DATASET EXTRACT
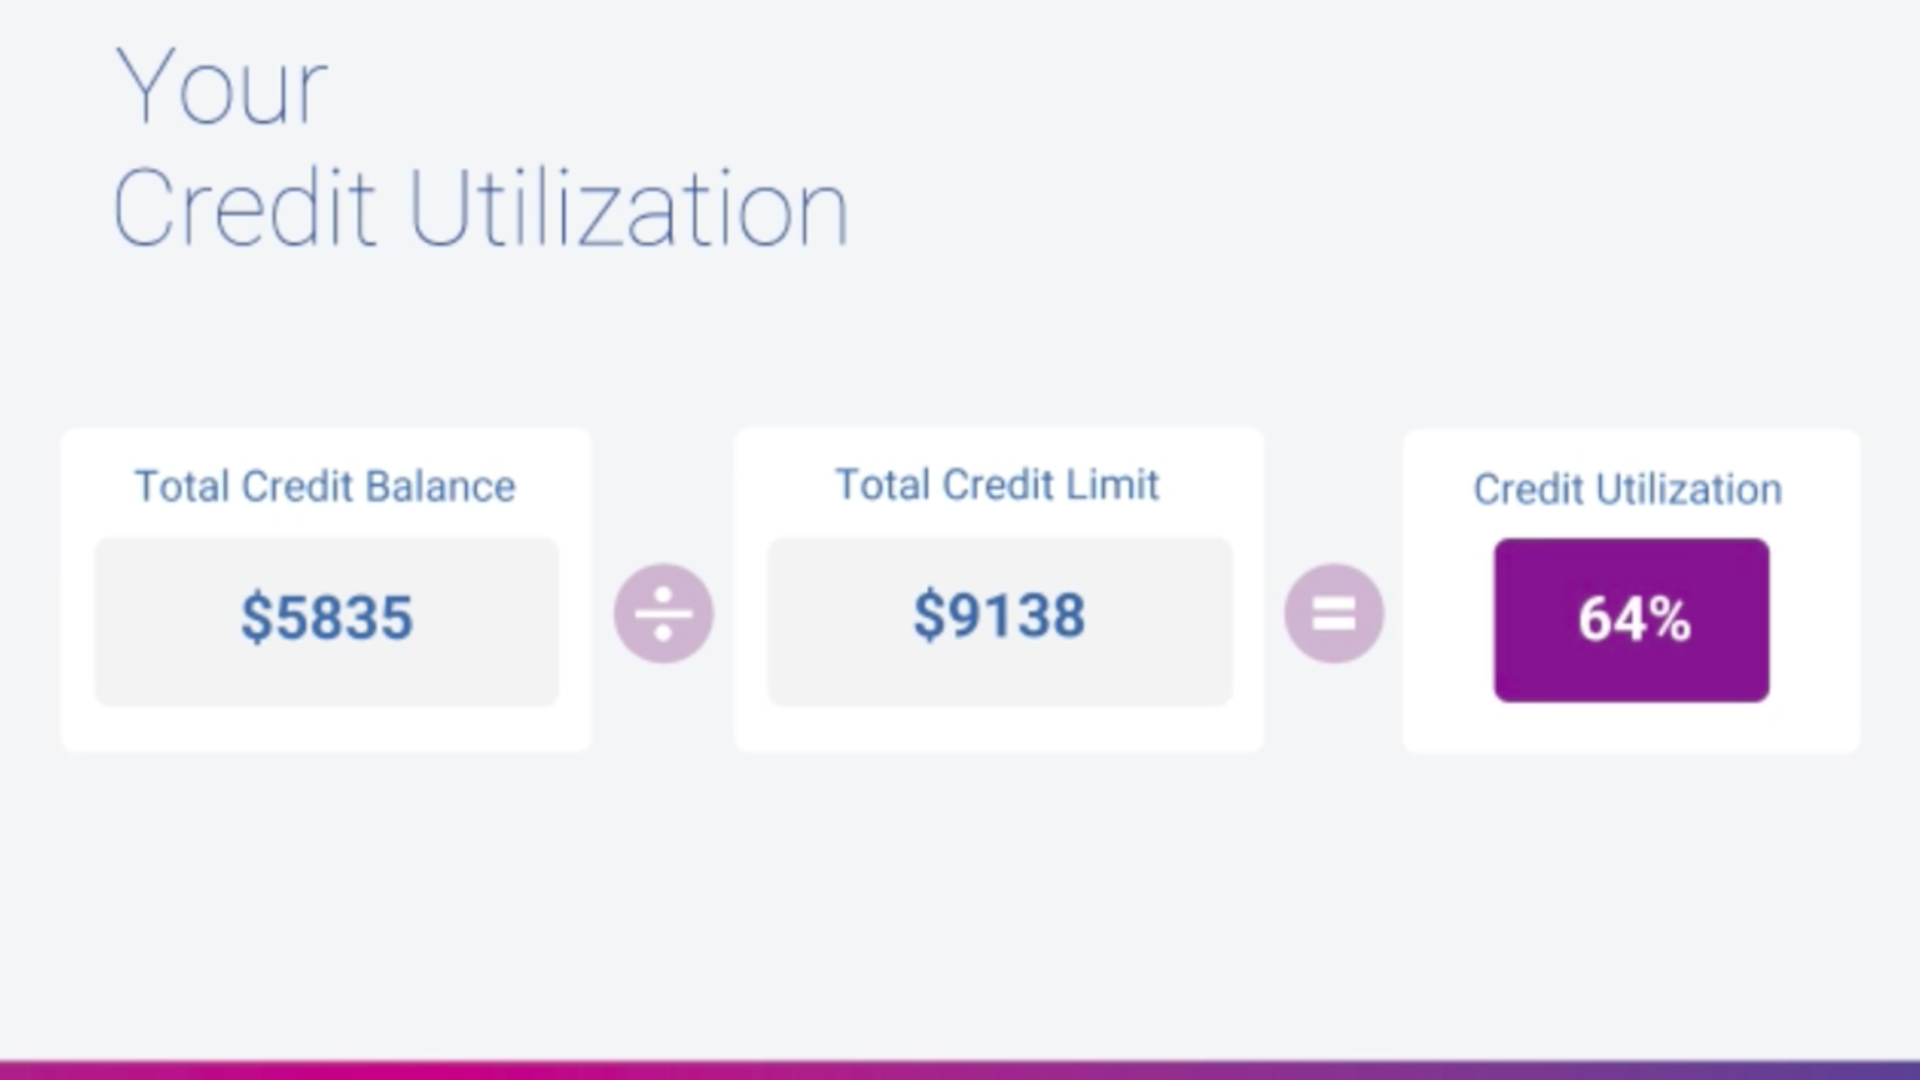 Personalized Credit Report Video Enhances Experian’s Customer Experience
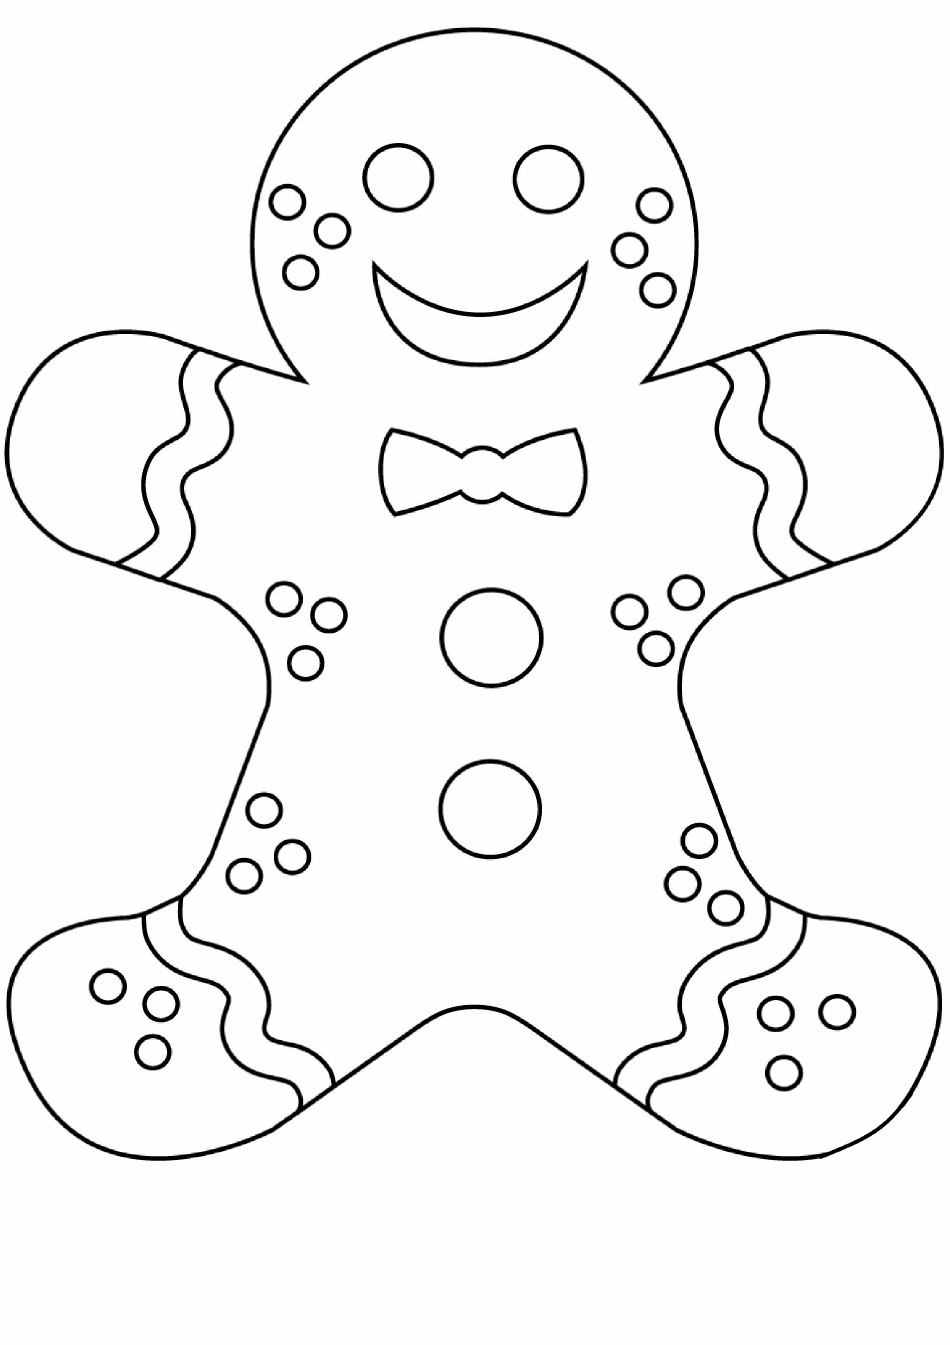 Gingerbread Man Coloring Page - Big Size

---

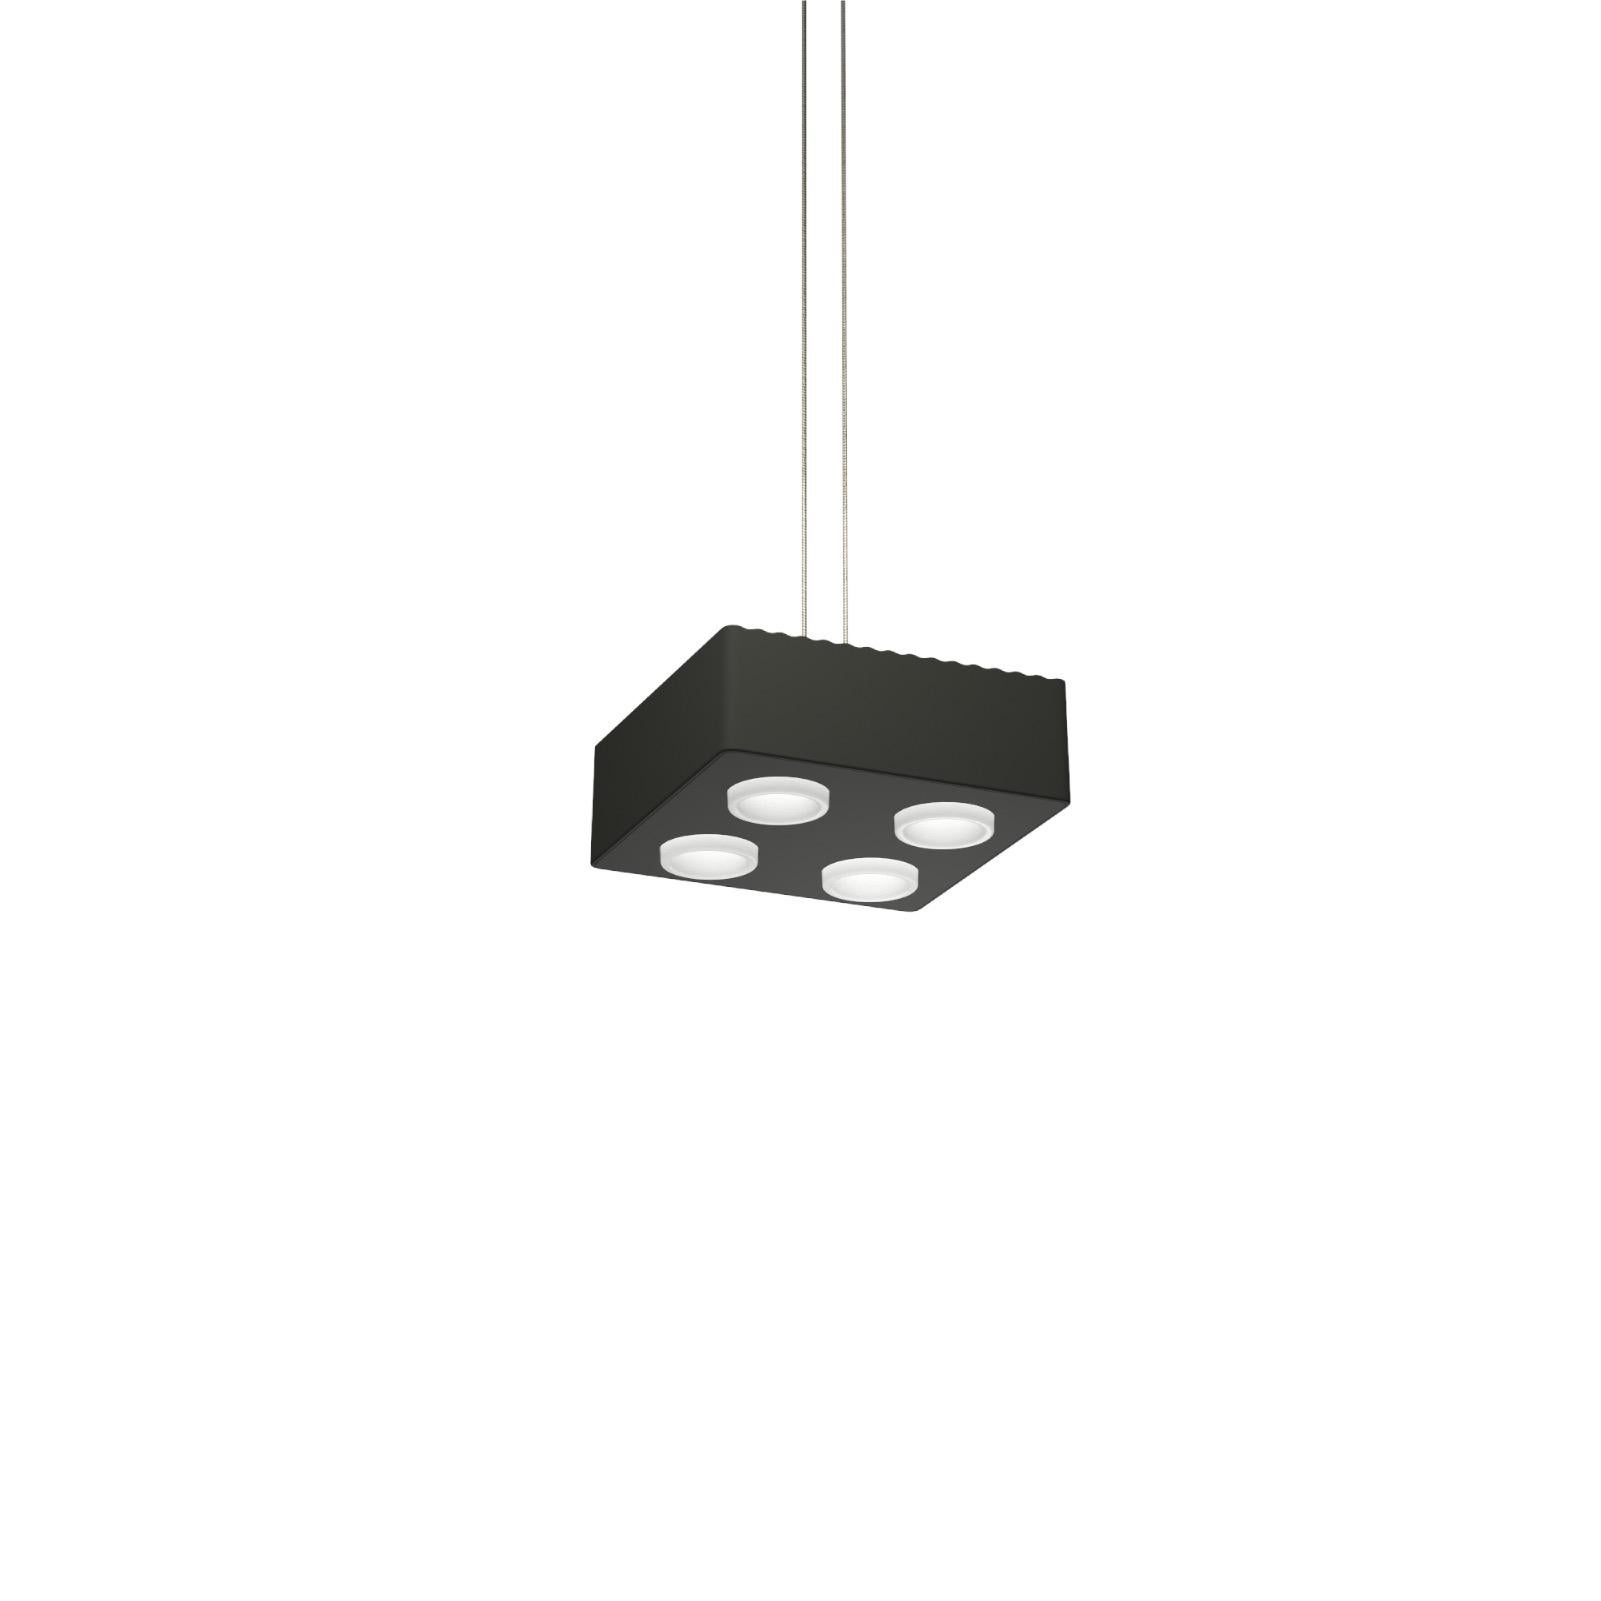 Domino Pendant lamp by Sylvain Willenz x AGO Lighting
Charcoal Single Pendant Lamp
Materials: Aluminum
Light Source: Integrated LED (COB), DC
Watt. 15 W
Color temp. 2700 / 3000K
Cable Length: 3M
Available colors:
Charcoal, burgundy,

* * *

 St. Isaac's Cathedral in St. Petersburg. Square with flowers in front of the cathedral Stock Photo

WHAT YOU SHOULD DO
Find the string "Charcoal" in the records, then copy each line where it occurs.

RESPONSE TO THE TASK
Charcoal Single Pendant Lamp
Charcoal, burgundy,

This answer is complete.